* **Exercise directions**: For the records below, print the lines from the line with "Nikon D750 sample" through the line with "IVRY SUR SEINE - LEVEQUE" exactly as written; include both end lines and exclude the rest.

* **Excerpted data**:
....

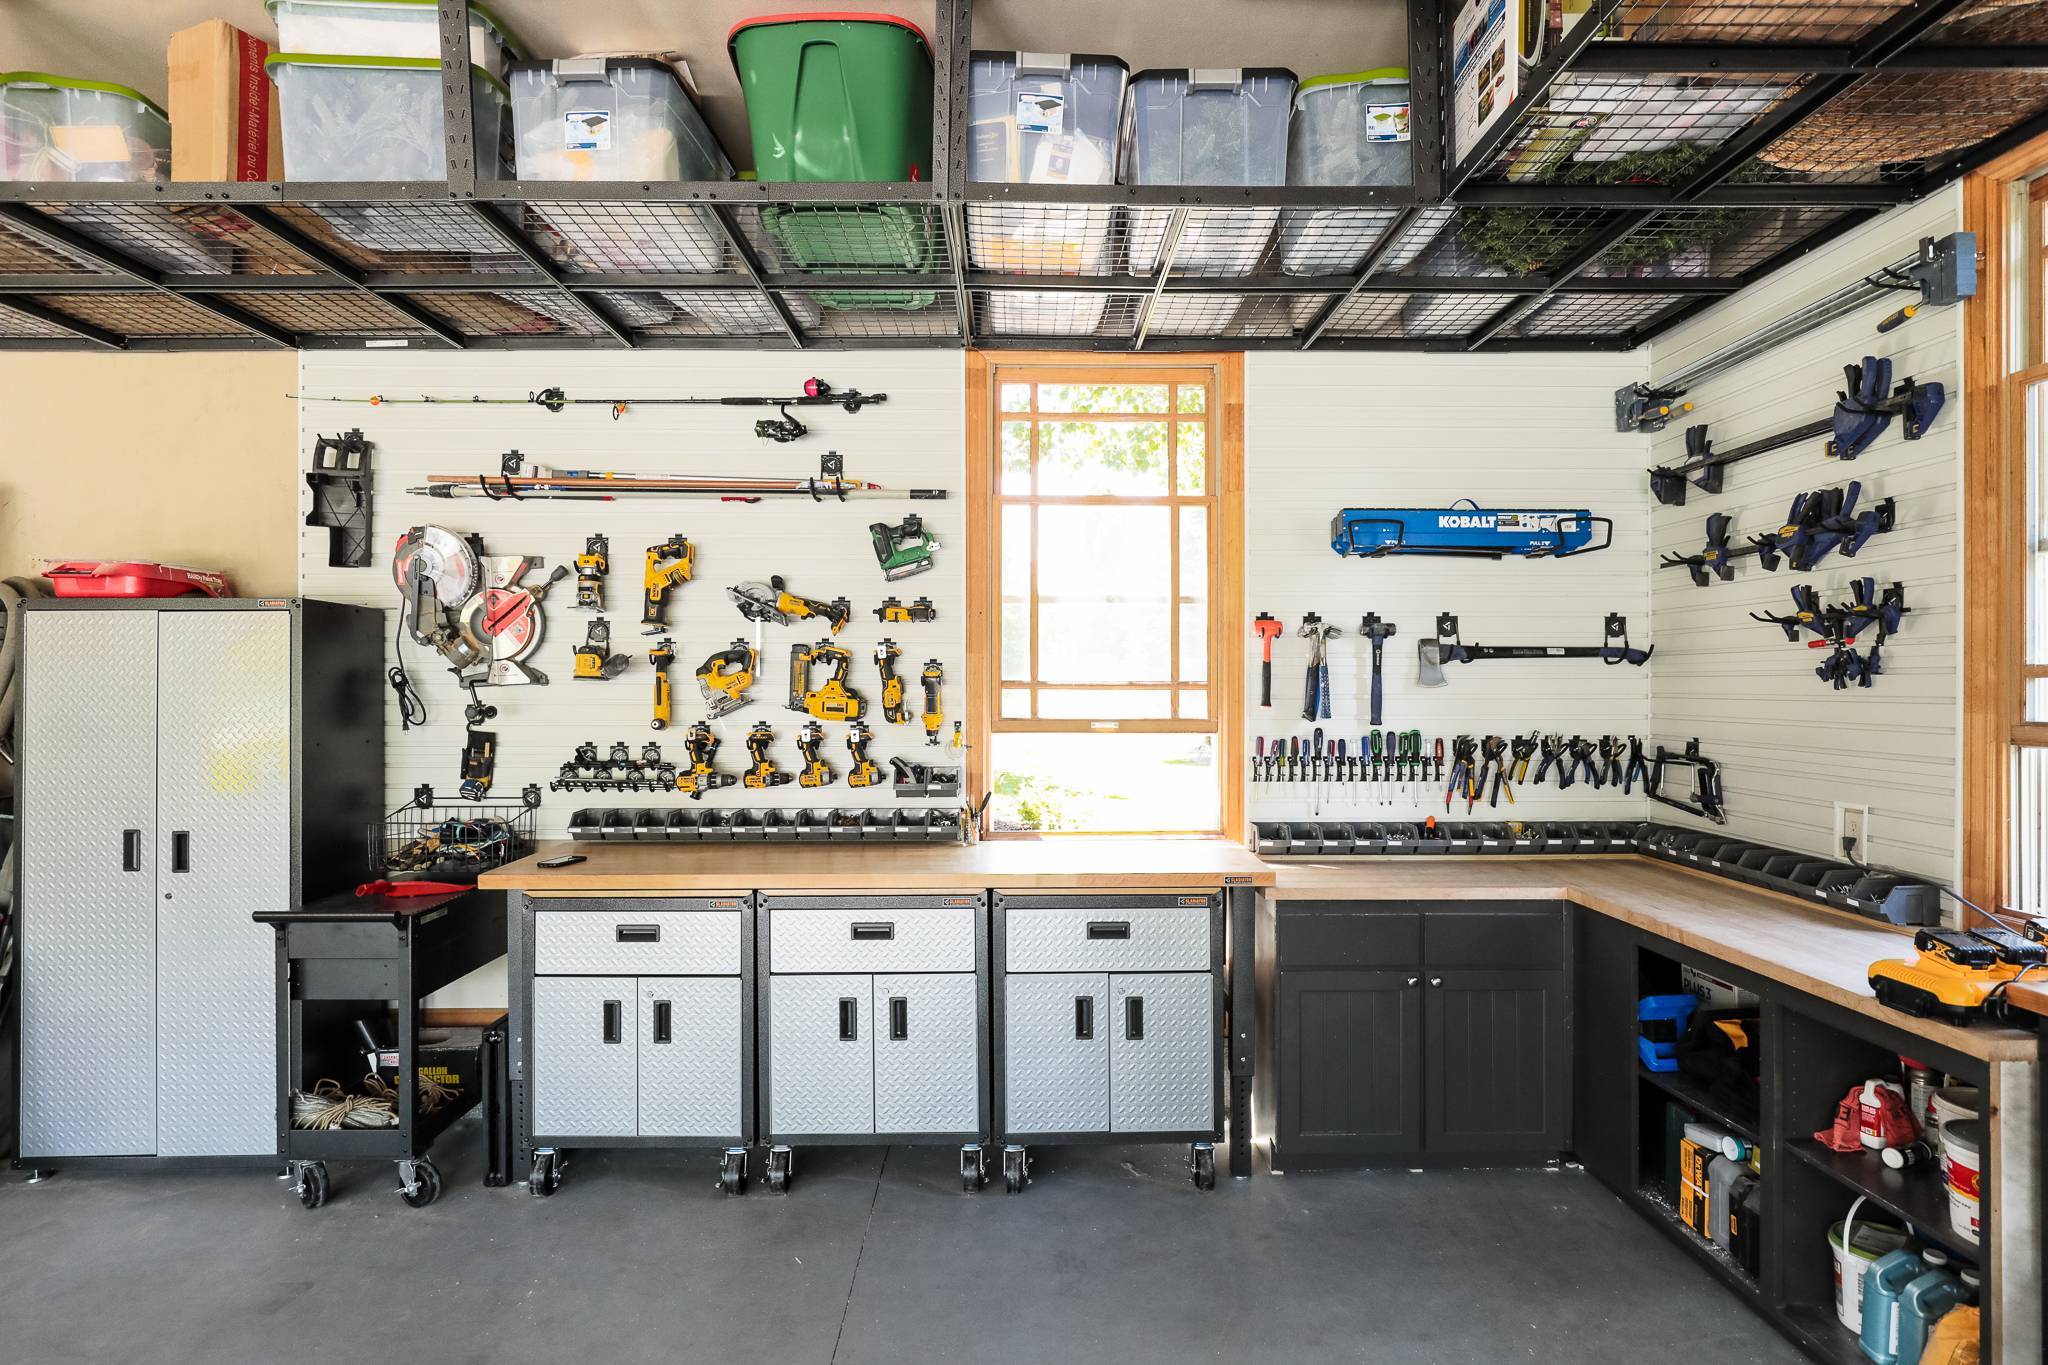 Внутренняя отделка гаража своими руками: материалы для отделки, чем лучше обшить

....

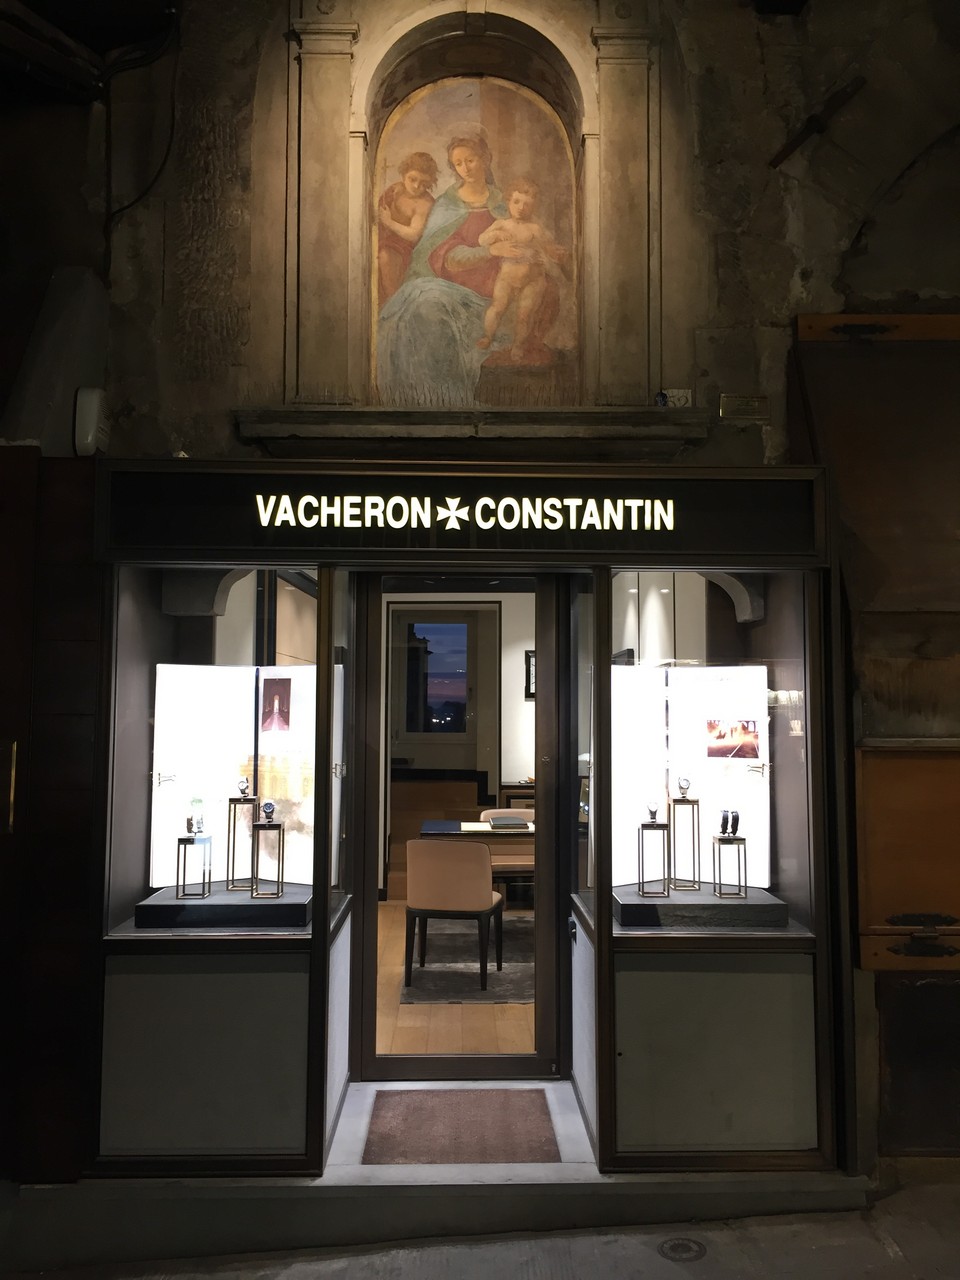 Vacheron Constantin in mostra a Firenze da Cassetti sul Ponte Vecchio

....

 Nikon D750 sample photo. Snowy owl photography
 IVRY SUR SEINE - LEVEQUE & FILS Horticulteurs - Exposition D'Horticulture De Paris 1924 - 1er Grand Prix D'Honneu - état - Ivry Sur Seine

....

* **Expected answer**:
 Nikon D750 sample photo. Snowy owl photography
 IVRY SUR SEINE - LEVEQUE & FILS Horticulteurs - Exposition D'Horticulture De Paris 1924 - 1er Grand Prix D'Honneu - état - Ivry Sur Seine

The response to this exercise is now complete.